### EXERCISE AIM
Restrict the output to the lines below starting at the one that contains "Ansichtskarte Schleiz Totale 1919 - Schleiz" and ending at the one that contains "Jeans Tall Slim", and restate them word for word, both ends included.

### DATASET RECORDS
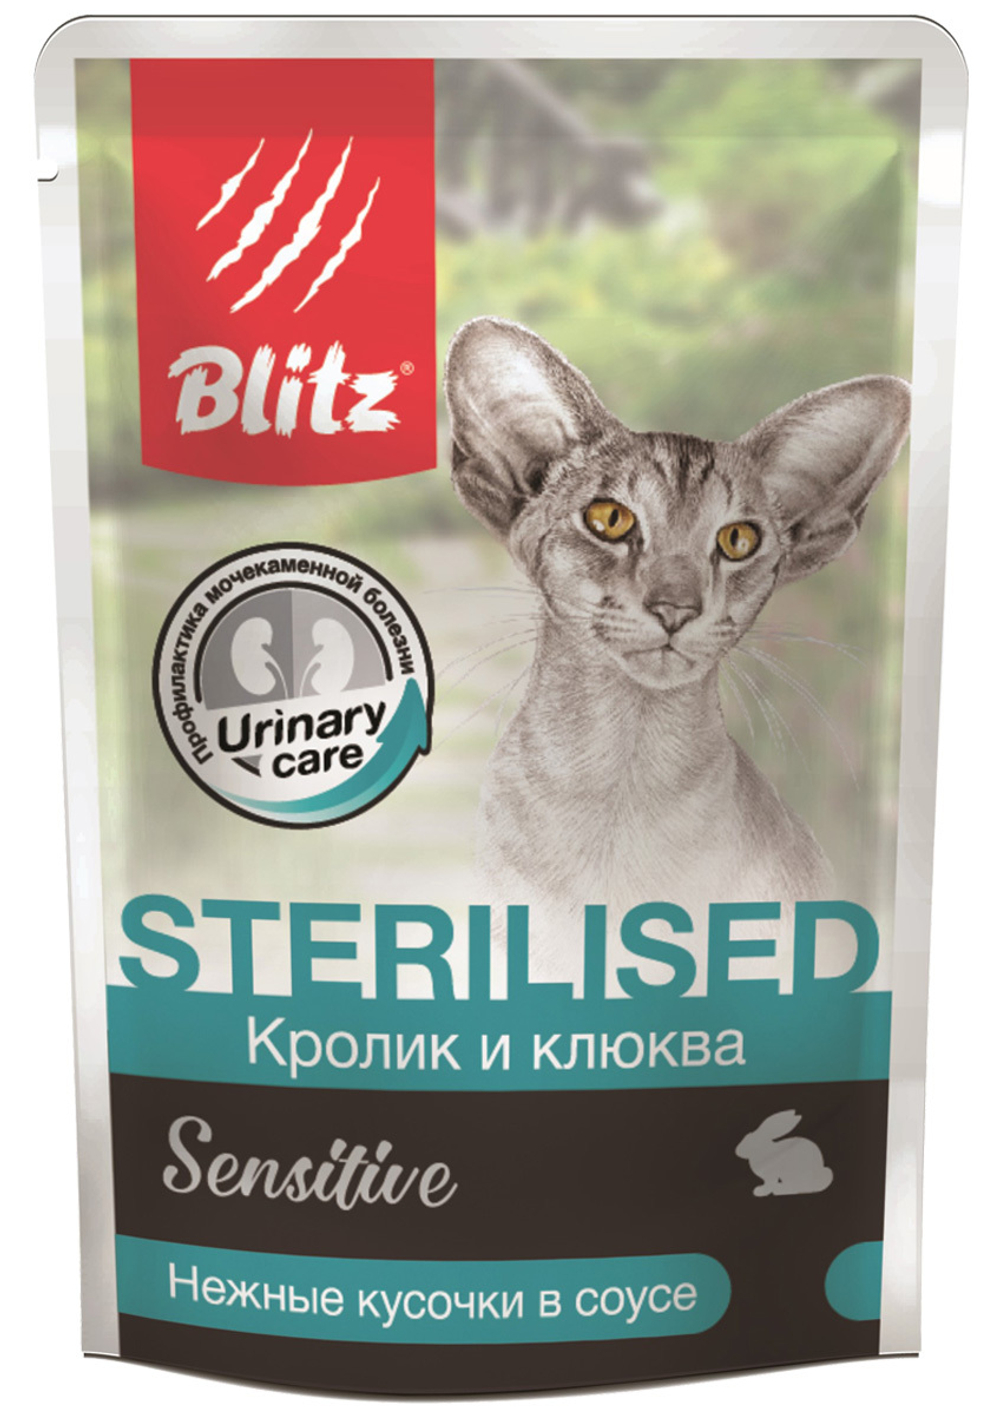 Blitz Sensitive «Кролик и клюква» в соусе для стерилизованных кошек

==

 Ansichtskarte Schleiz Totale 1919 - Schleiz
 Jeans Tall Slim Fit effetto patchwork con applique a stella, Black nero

* * *

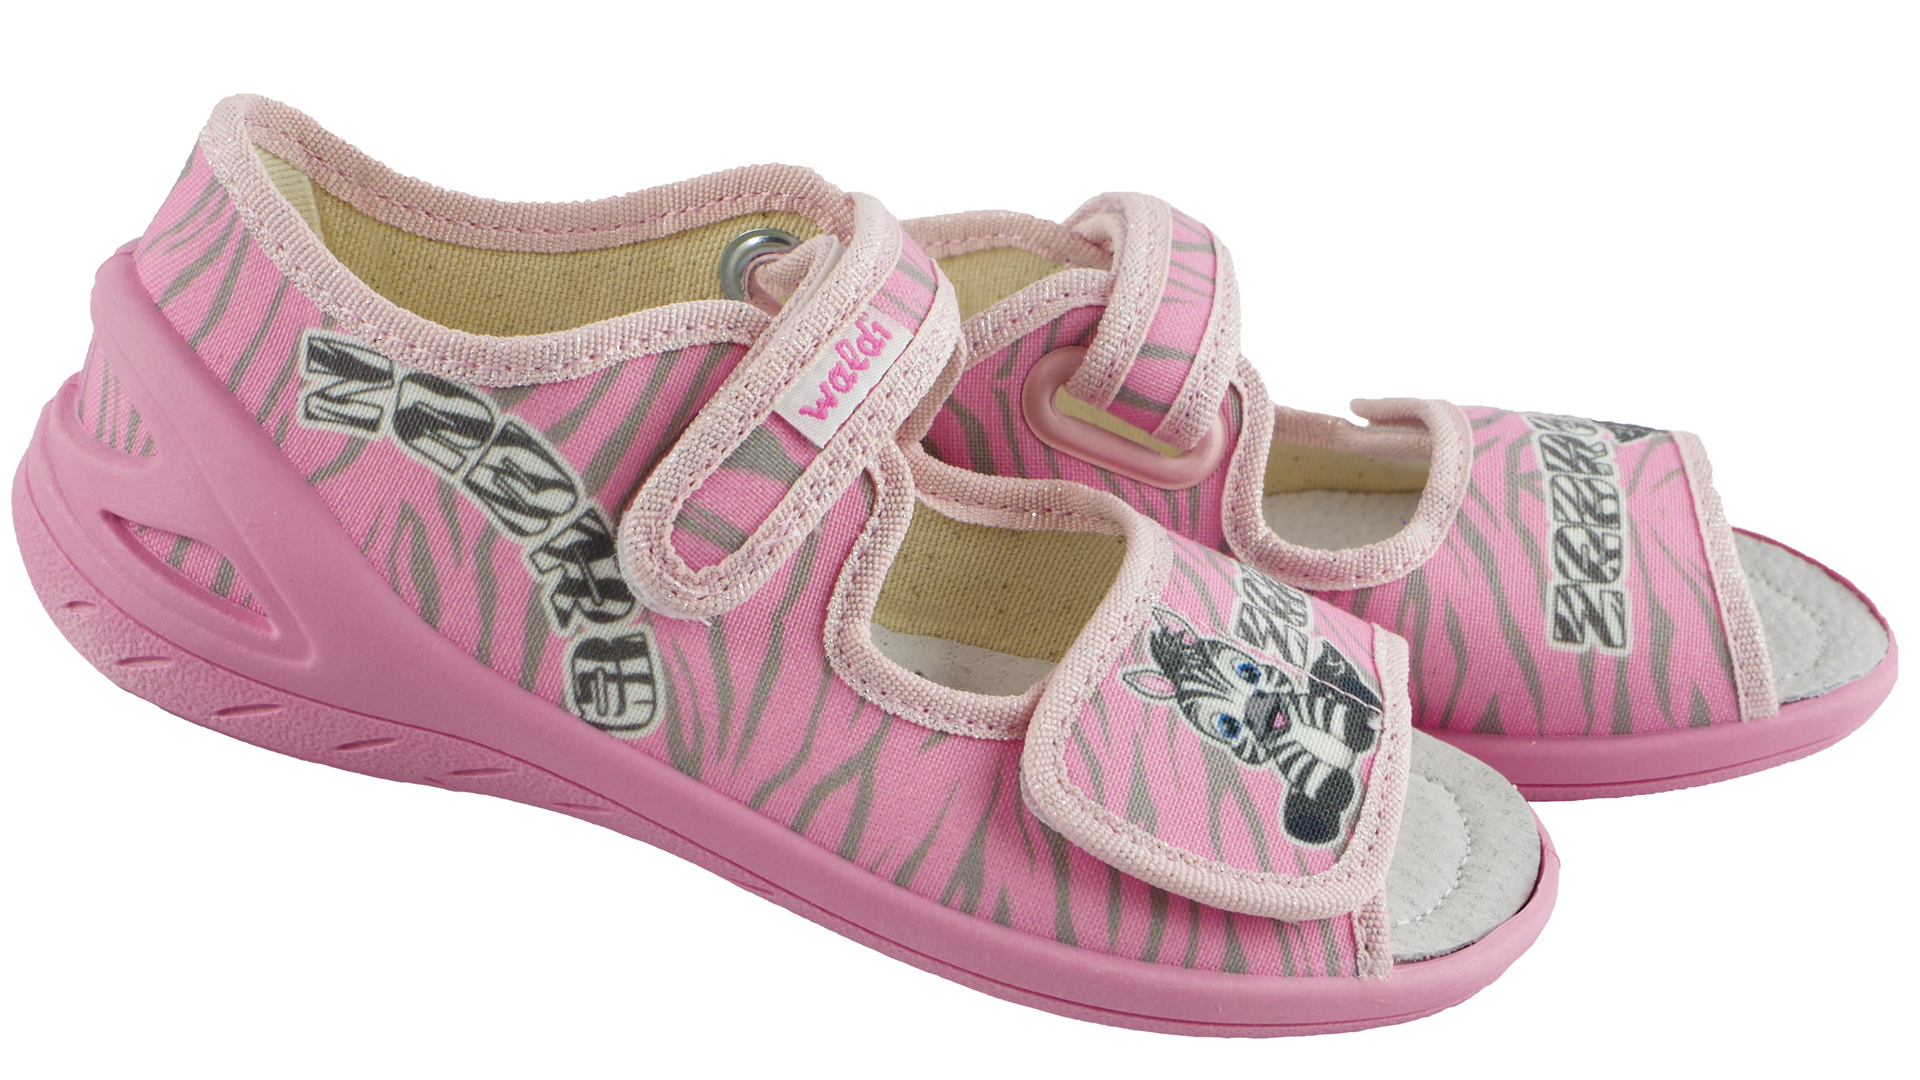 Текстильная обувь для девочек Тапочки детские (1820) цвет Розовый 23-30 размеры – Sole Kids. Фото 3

### ANSWER AREA
 Ansichtskarte Schleiz Totale 1919 - Schleiz
 Jeans Tall Slim Fit effetto patchwork con applique a stella, Black nero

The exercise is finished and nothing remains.